IMPROVING THE ROBUSTNESS OF THE ELECTRIC DRIVE STATE OBSERVER

Abstract

The paper substantiates the feasibility of improving the adaptive state observer of surface-to-air missile systems guidance electric drives in order to ensure their effective operation in mode of exceeding the executive motor nominal rotation speed, as well as to increase the overall speed of the guidance system. The structure of the well-known adaptive state observer, implemented on the basis of Luenberger observers, which is used in electric drives of combat vehicles, is analyzed. A hypothesis is put forward regarding its potential unsuitability when the electric drive operates in the zone of increased speeds.
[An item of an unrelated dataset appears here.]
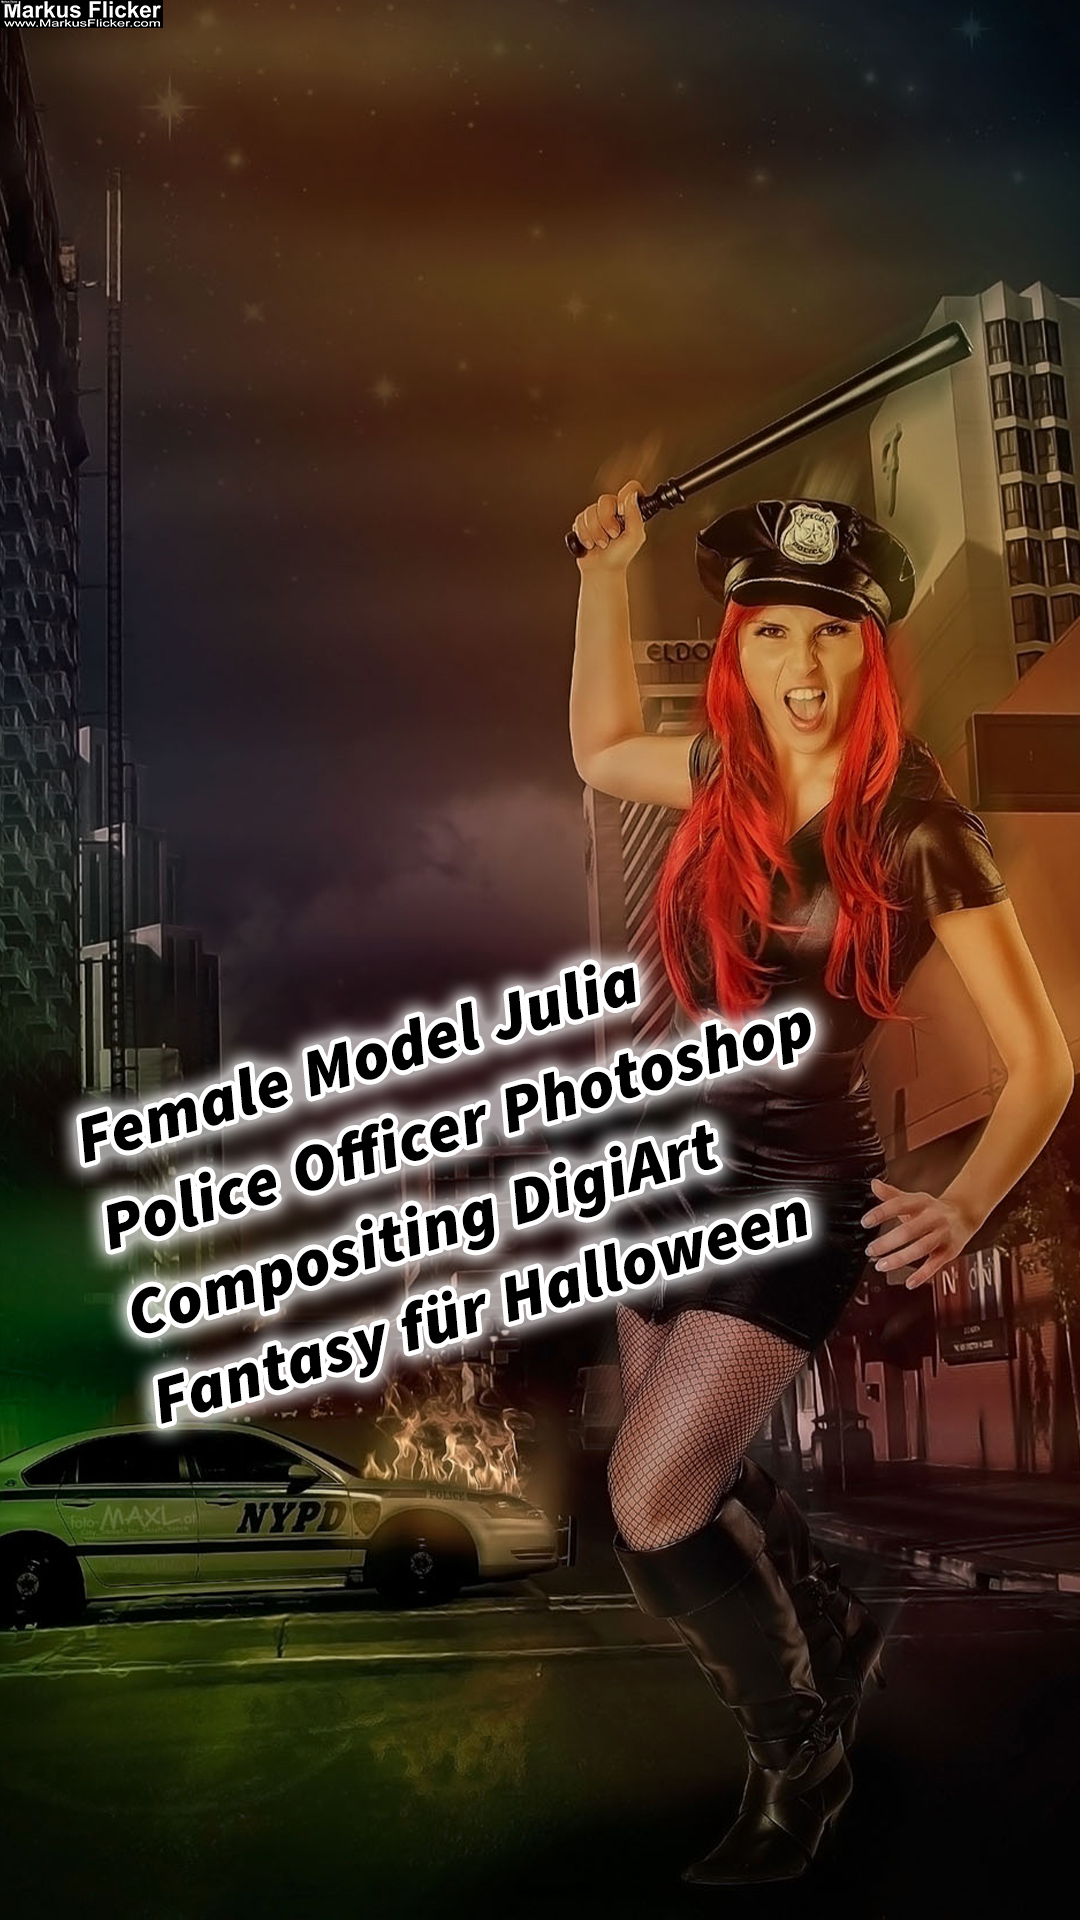 Female Model Julia Police Officer Photoshop Compositing DigiArt Fantasy für Halloween
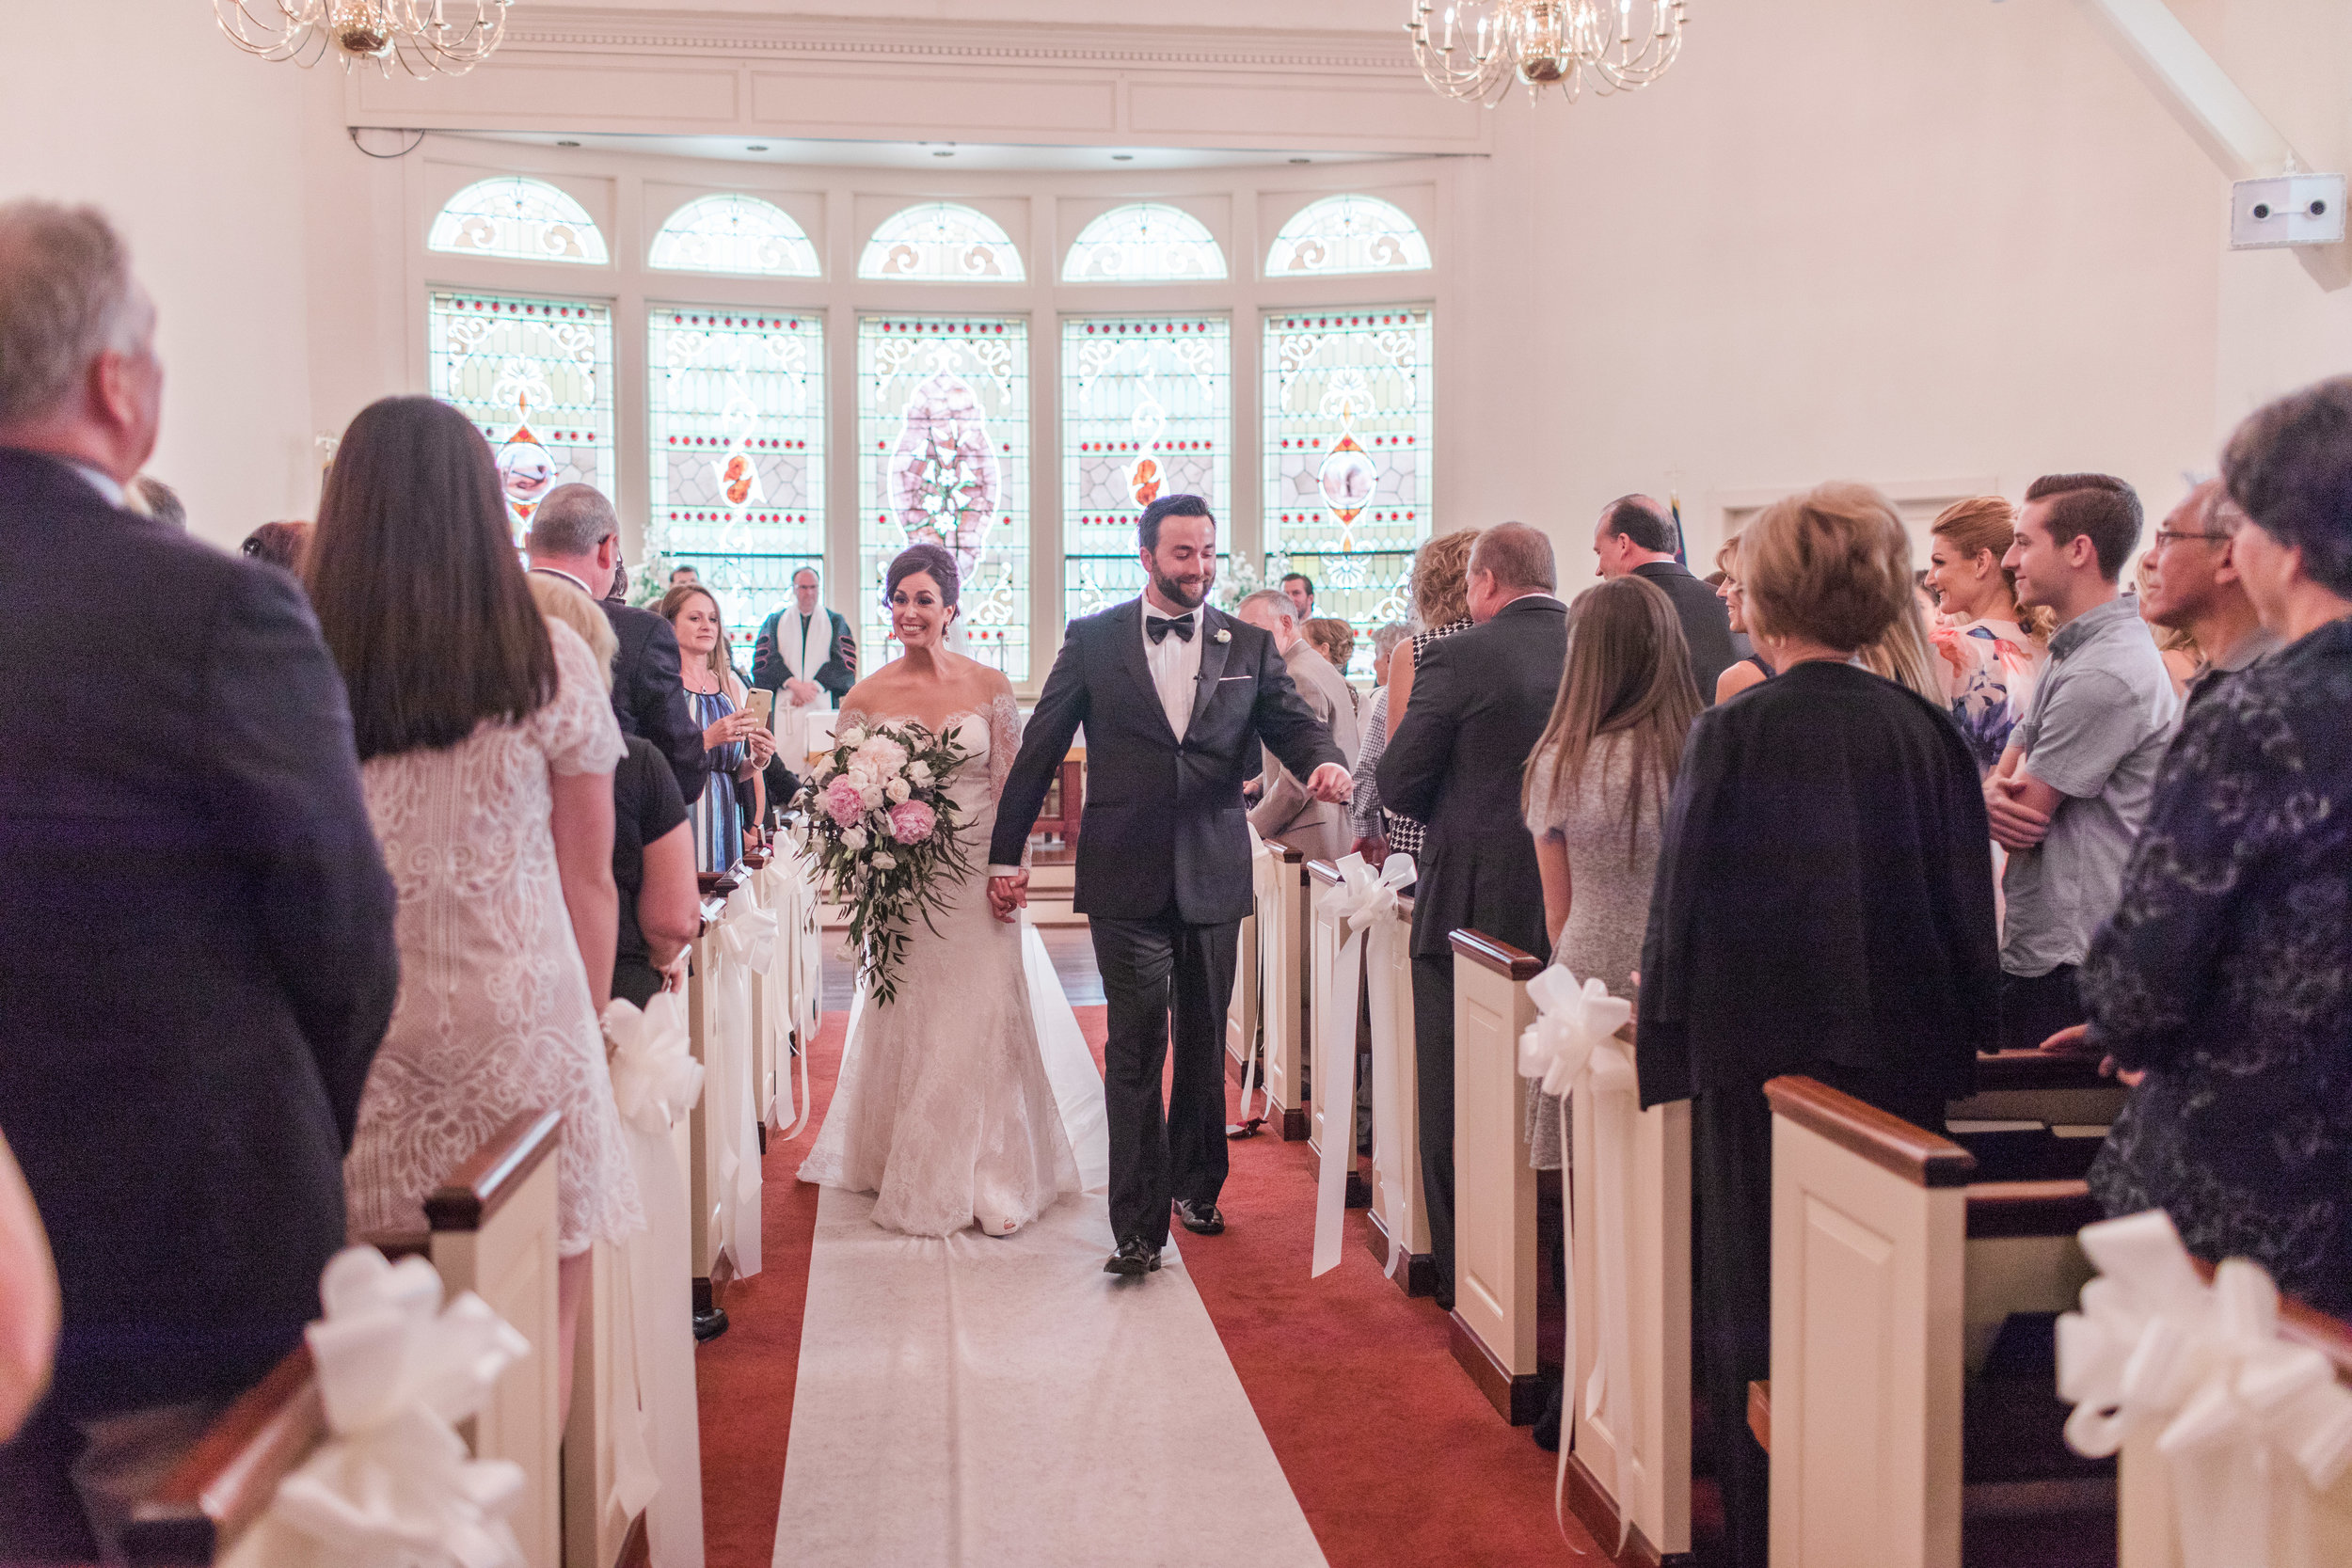 Poland Presbyterian Church & The Lake Club of Ohio Wedding_Lindsey Ramdin_LAR WEDDINGS

The structure of the electric drive state observer is synthesized and modernized using the modal method, taking into account the nonlinear characteristic of the executive motor magnetization. This characteristic was previously linearized and presented in the form of a linear dependence of the EMF coefficient and torque on the excitation current. The influence of the parametric uncertainty of the direct current motor type D-135 on the operation of the basic observer structure as a part of the 9K35 surface-to-air missile guidance system was studied by simulation in the Matlab/Simulink environment. The results showed that such a structure demonstrates high robustness to deviations in the active resistance of the armature winding and the moment of inertia, while the error in estimating the rotational speed does not exceed 4%. At the same time, when the magnetic flux corresponding to the operation of the electric drive in the speed range higher than the nominal one decreases, a complete loss of the basic observer structure operability was detected. Numerical simulation of the operation of the improved state observer as part of the 9K35 surface-to-air missile guidance system was carried out. The simulation results confirmed its effectiveness and stable operation of the electric drive in both speed modes.